Rationale: Although esophageal compression due to cardiomegaly may be a risk factor of drug-induced esophageal injuries (DIEIs), the causal relationship between the two conditions has not been fully demonstrated.

Patient Concerns: We present a case of a drug-induced esophageal ulcer caused by left atrial enlargement in a 44-year-old woman with end-stage hypertrophic cardiomyopathy. Upper gastrointestinal endoscopy showed a deep, circumferential ulcer in the middle thoracic esophagus. CT revealed that the esophagus was compressed between the enlarged left atrium (LA) and the vertebral body. In the upper gastrointestinal series, retention of contrast media was observed in the esophagus near the LA.
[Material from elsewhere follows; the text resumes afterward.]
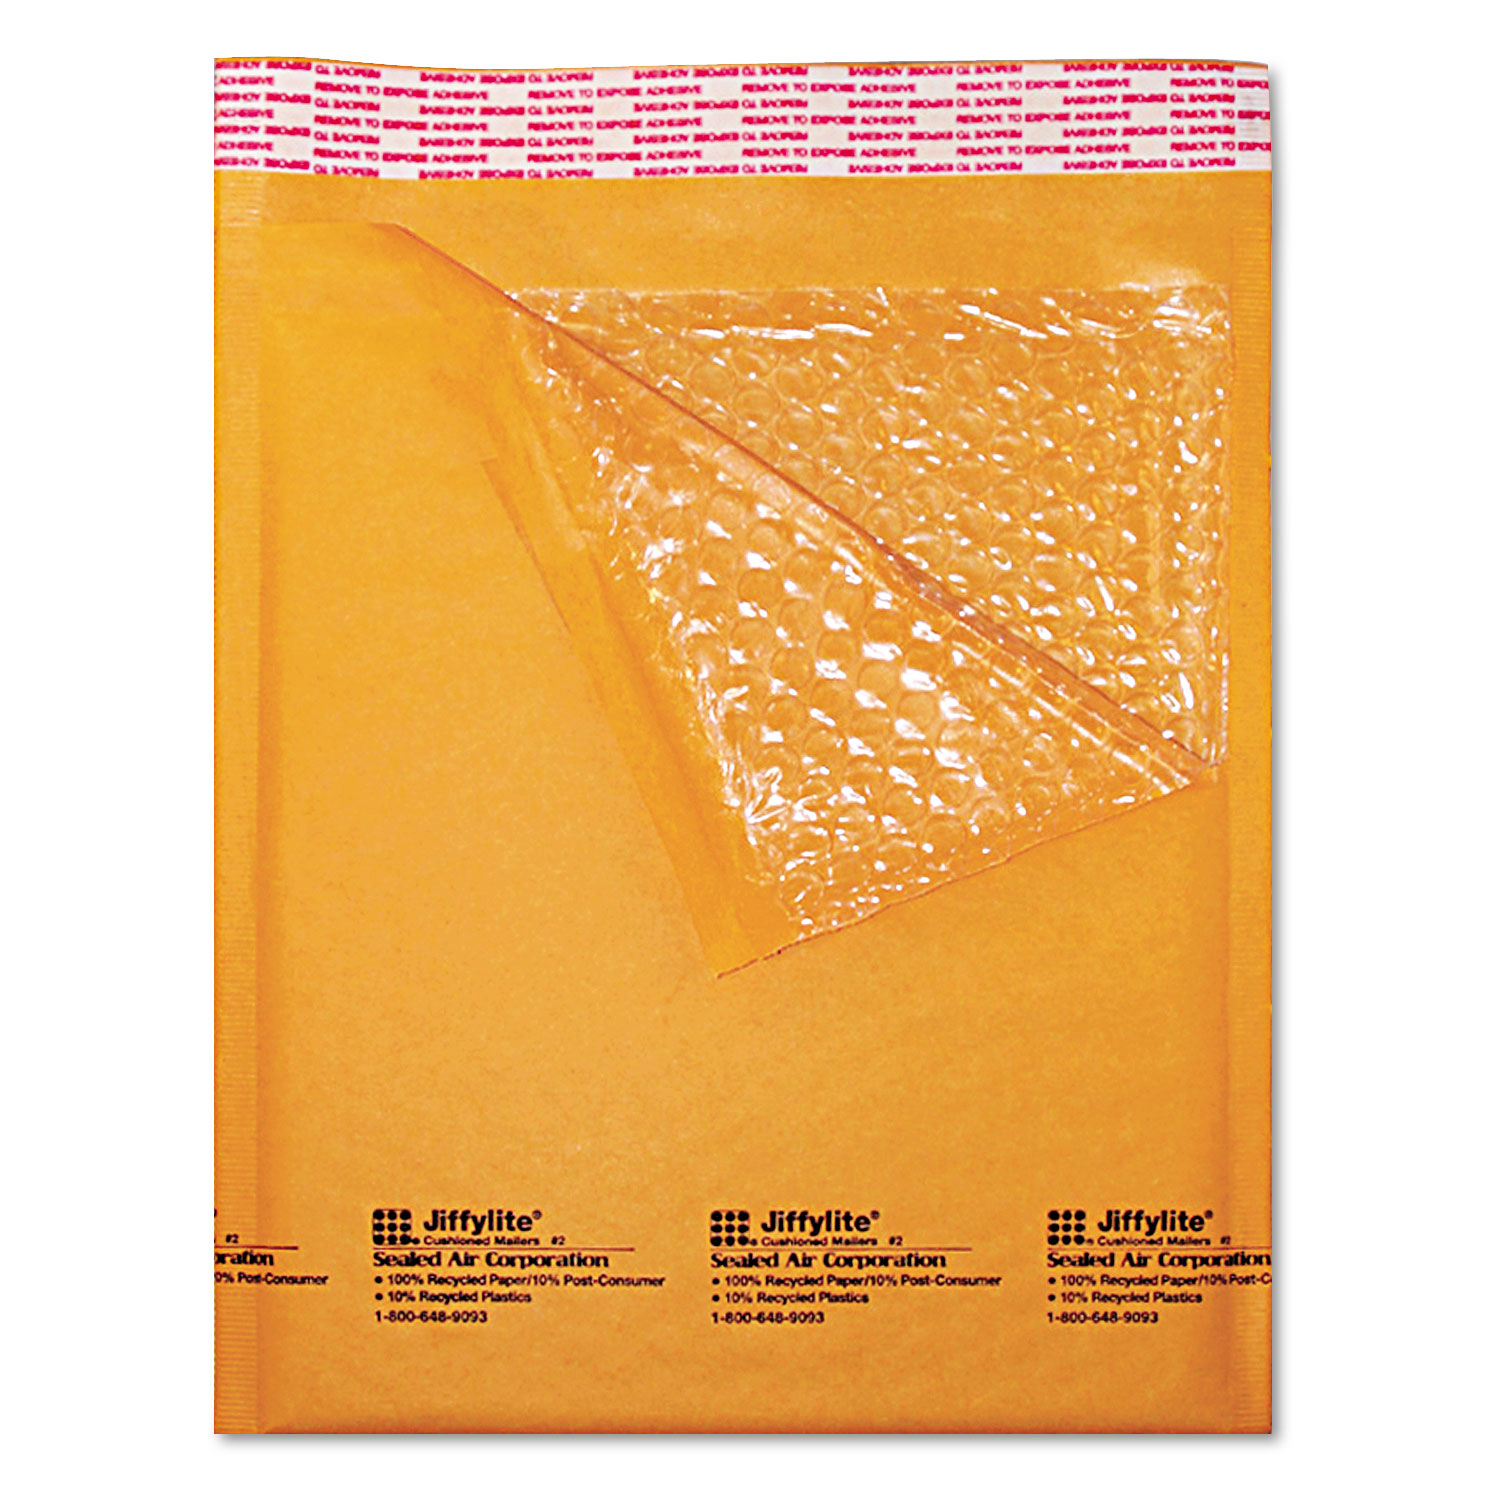  Sealed Air 100430480 Jiffylite Self-Seal Bubble Mailer, #5, Barrier Bubble Lining, Self-Adhesive Closure, 10.5 x 16, Golden Brown Kraft, 10/Pack (SEL16202)

Diagnosis: The ulcer was a result of potassium chloride retention in the esophagus, which was compressed by the enlarged LA.

Intervention: After cessation of potassium chloride administration for 2 months, the ulcer healed and a stricture developed. Two years after the ulcer development, the patient underwent heart transplantation, and subsequent endoscopic balloon dilation was performed for the esophageal stricture.

Outcomes: The patient's oral intake recovered completely without any ulcer recurrence.

Lessons: The case demonstrated that esophageal compression by the enlarged LA caused a drug-induced esophageal ulcer. Preventive care and treatment measures for DIEIs, including an anatomical approach, should be considered for patients with LA enlargement.